The basic geometry of a quantum well is illustrated in Fig. K.1: a layer of semiconductor material A, typically only a few tens of nanometers thick, is sandwiched between layers of another material B. The combination GaAs/AlxGa1–xAs, with 0 < x < 0.3, is very popular since the two materials are almost perfectly lattice-matched. Here and in the following, we take the z-axis to be perpendicular to the layers, i.e., along the direction in which the heterostructure has been grown. The system is assumed to be infinitely extended in the x–y plane. In practice, the system B–A–B of Fig. K.1 will be grown on a substrate and surrounded by additional spacer layers, which, however, are not important for the following considerations.

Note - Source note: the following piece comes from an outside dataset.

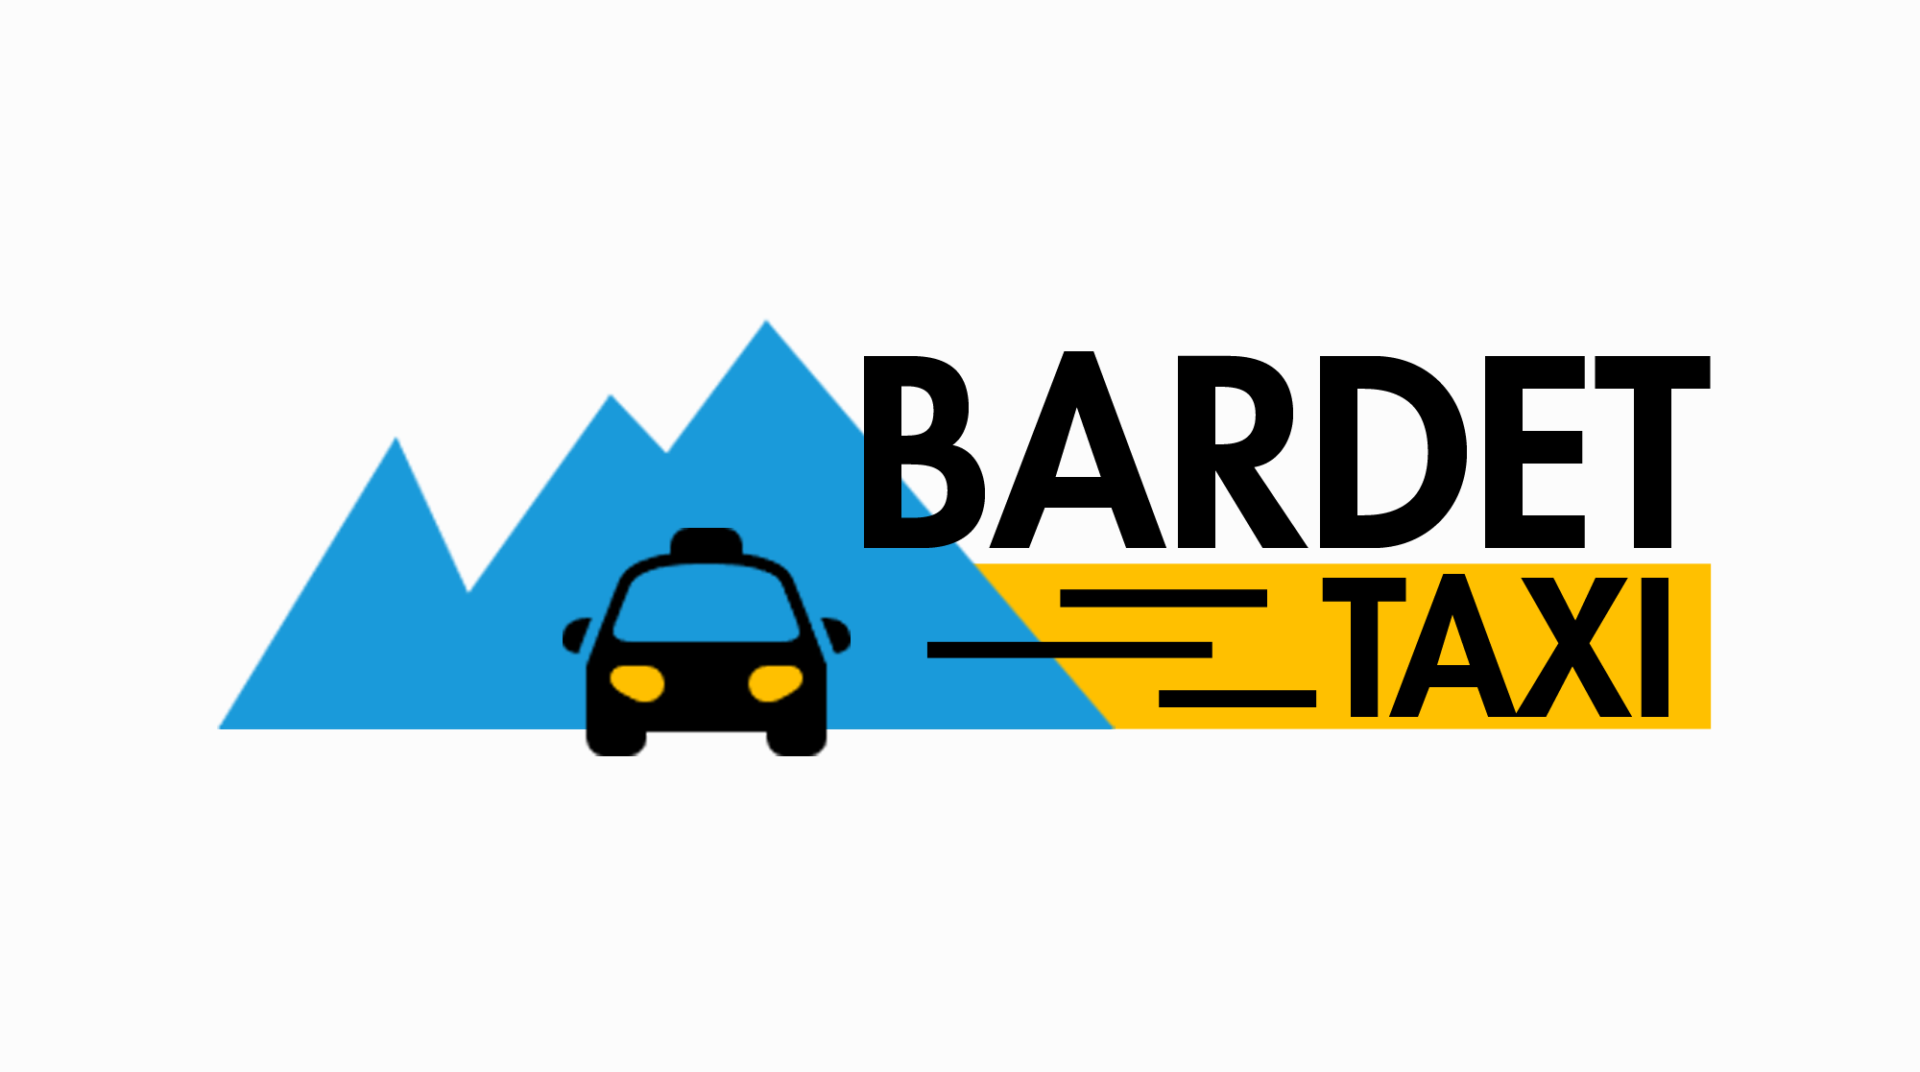 (c) Bardet-taxi.com

We will consider quantum well systems that are n-doped; the doping centers are sufficiently far away (this is called “remote doping” or “modulation doping”) that the ionized impurities have little influence on the electron dynamics in the well. The electrons from these remote doping centers accumulate in the quantum well, and the electronic sheet density N s (which measures the number of electrons per unit area) is assumed to be given. In the following, we will describe how to calculate the electronic ground state and dynamics using (TD)DFT in the effective-mass approximation.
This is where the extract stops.